Where a picture occurs in the data, omit it, and copy all remaining data exactly.

::: Supplied material :::

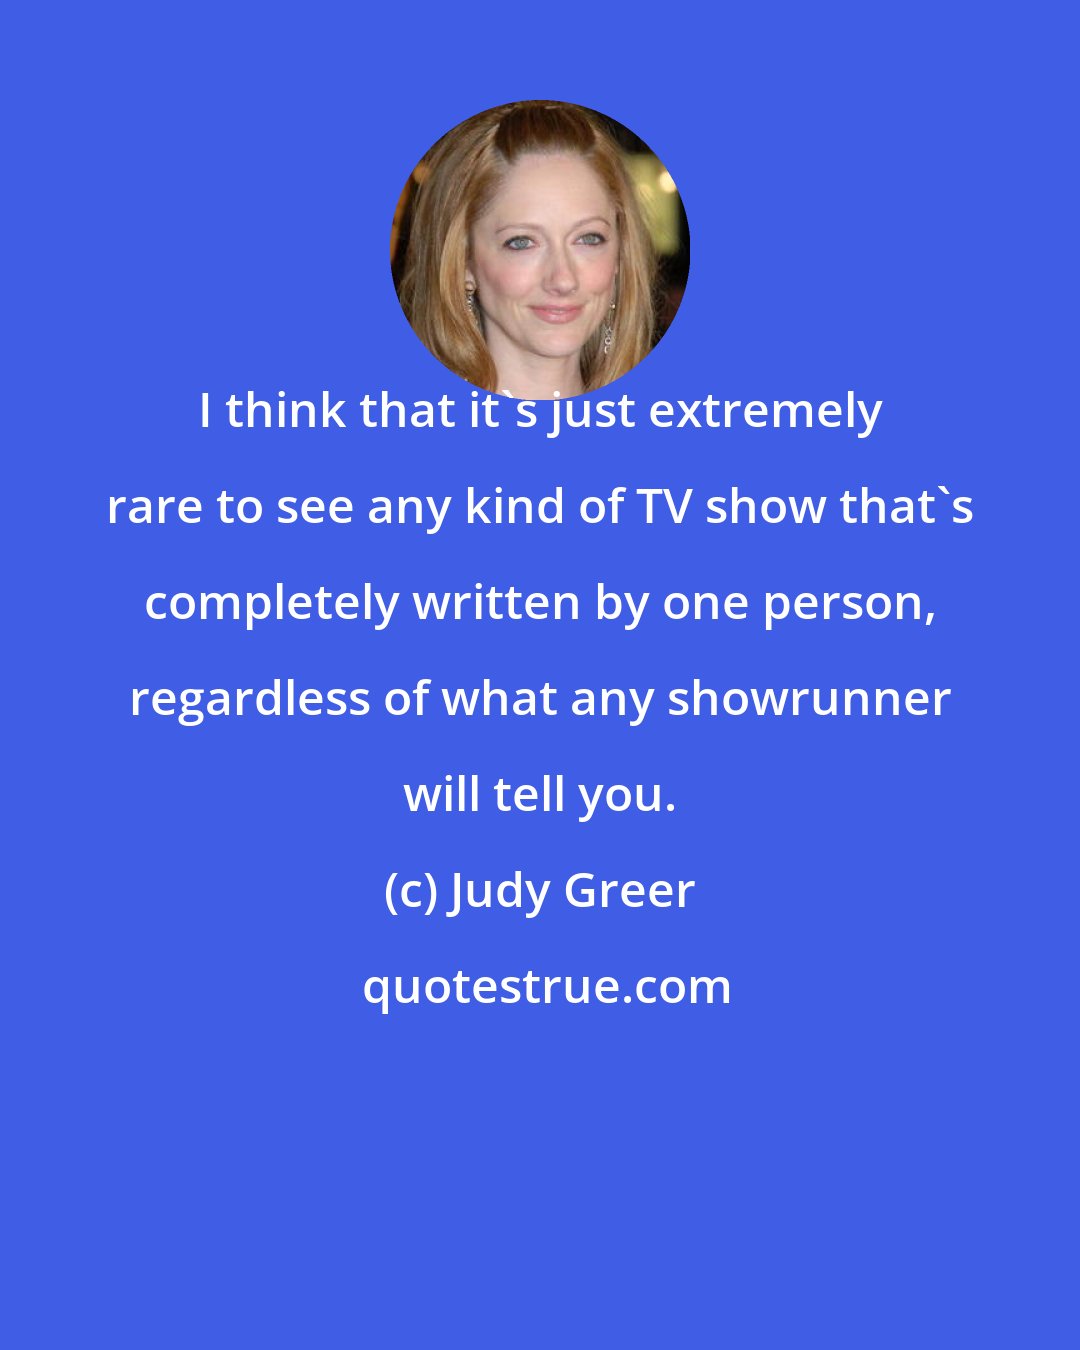 Judy Greer: I think that it's just extremely rare to see any kind of TV show that's completely written by one person, regardless of what any showrunner will tell you.
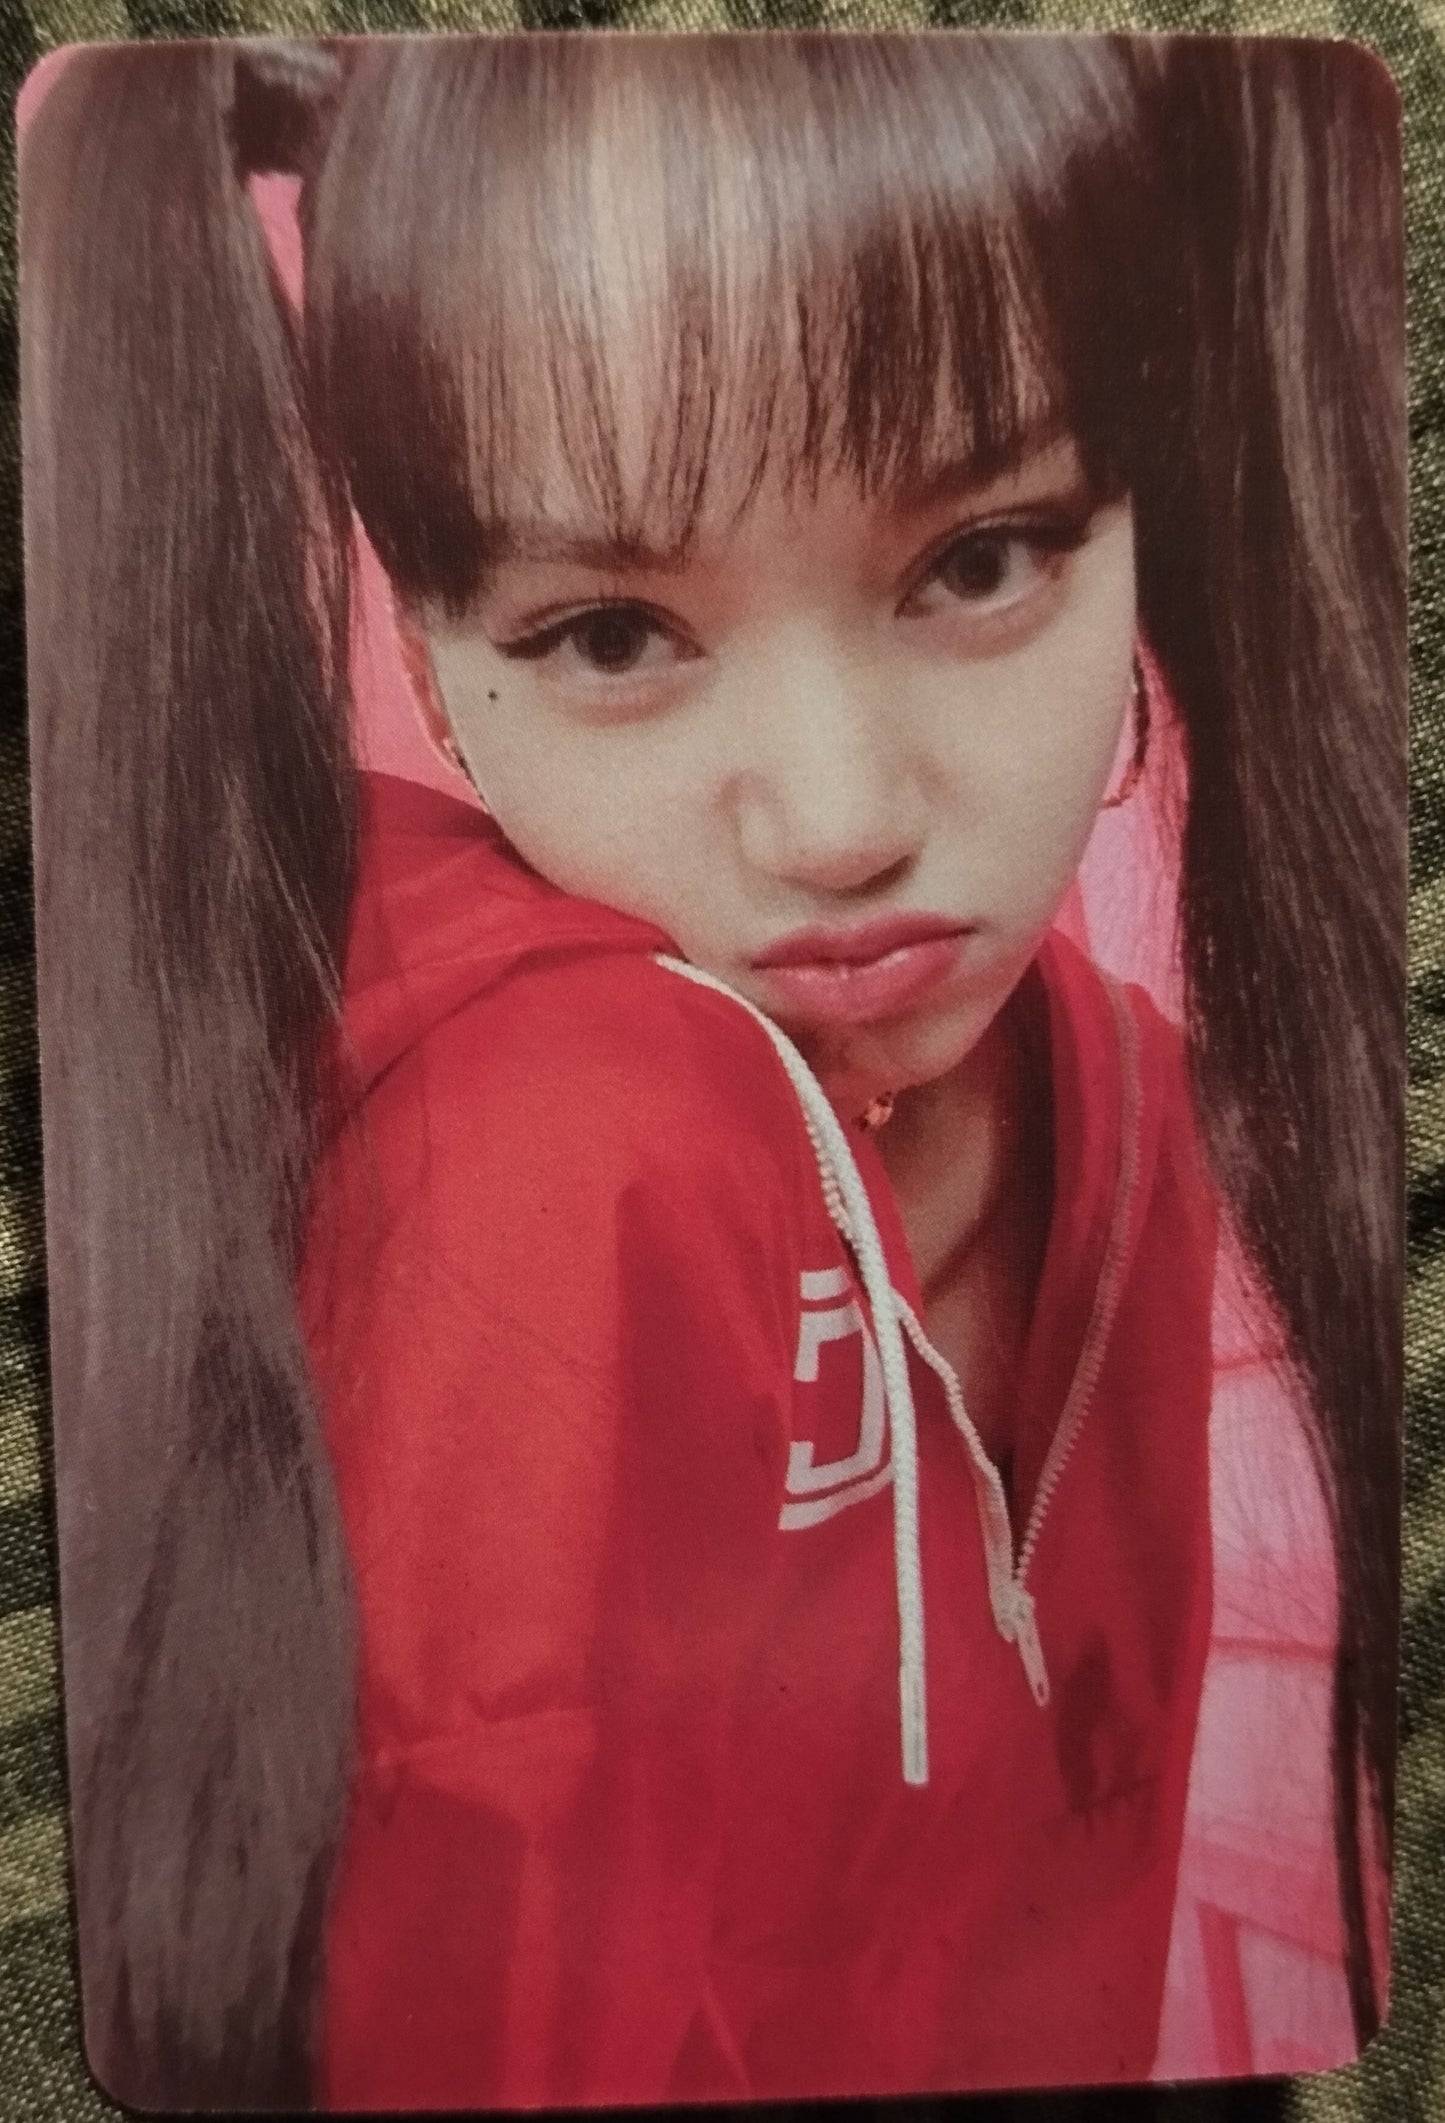 Photocard  BLACKPINK  Lisa  Videocall  D-Day solo
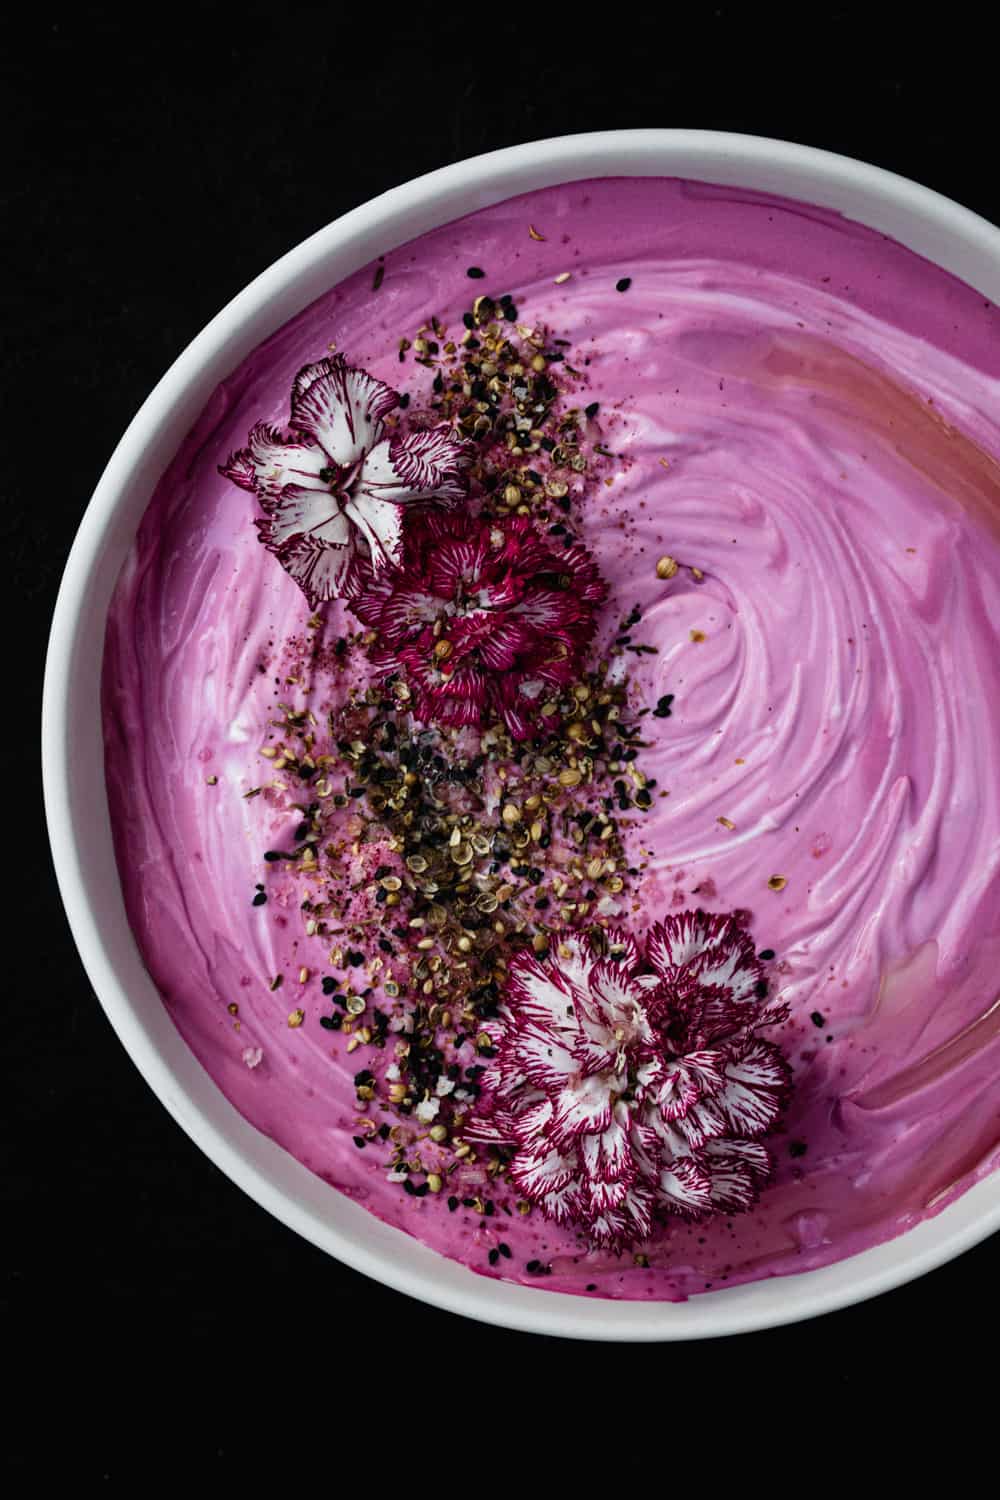 A vibrantly prink beet hummus topped with edible flowers, seeds and olive oil. Overhead shot on a black background.
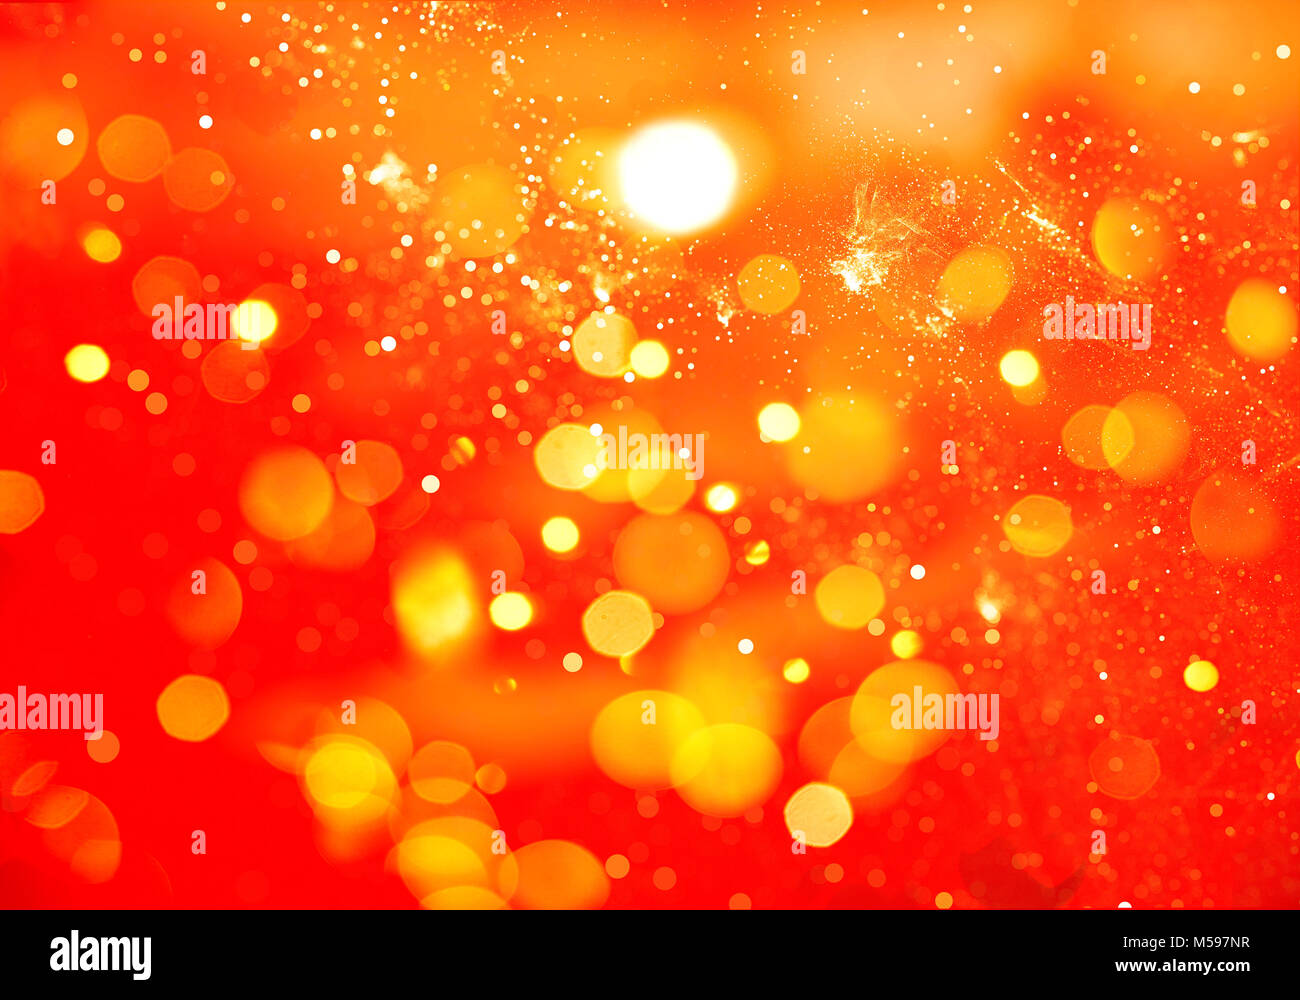 Abstract orange bokeh and glitter background Stock Photo - Alamy

:::

**Solution to the exercise**
 Judy Greer: I think that it's just extremely rare to see any kind of TV show that's completely written by one person, regardless of what any showrunner will tell you.
 Photocard  BLACKPINK  Lisa  Videocall  D-Day solo
 A vibrantly prink beet hummus topped with edible flowers, seeds and olive oil. Overhead shot on a black background.
 Abstract orange bokeh and glitter background Stock Photo - Alamy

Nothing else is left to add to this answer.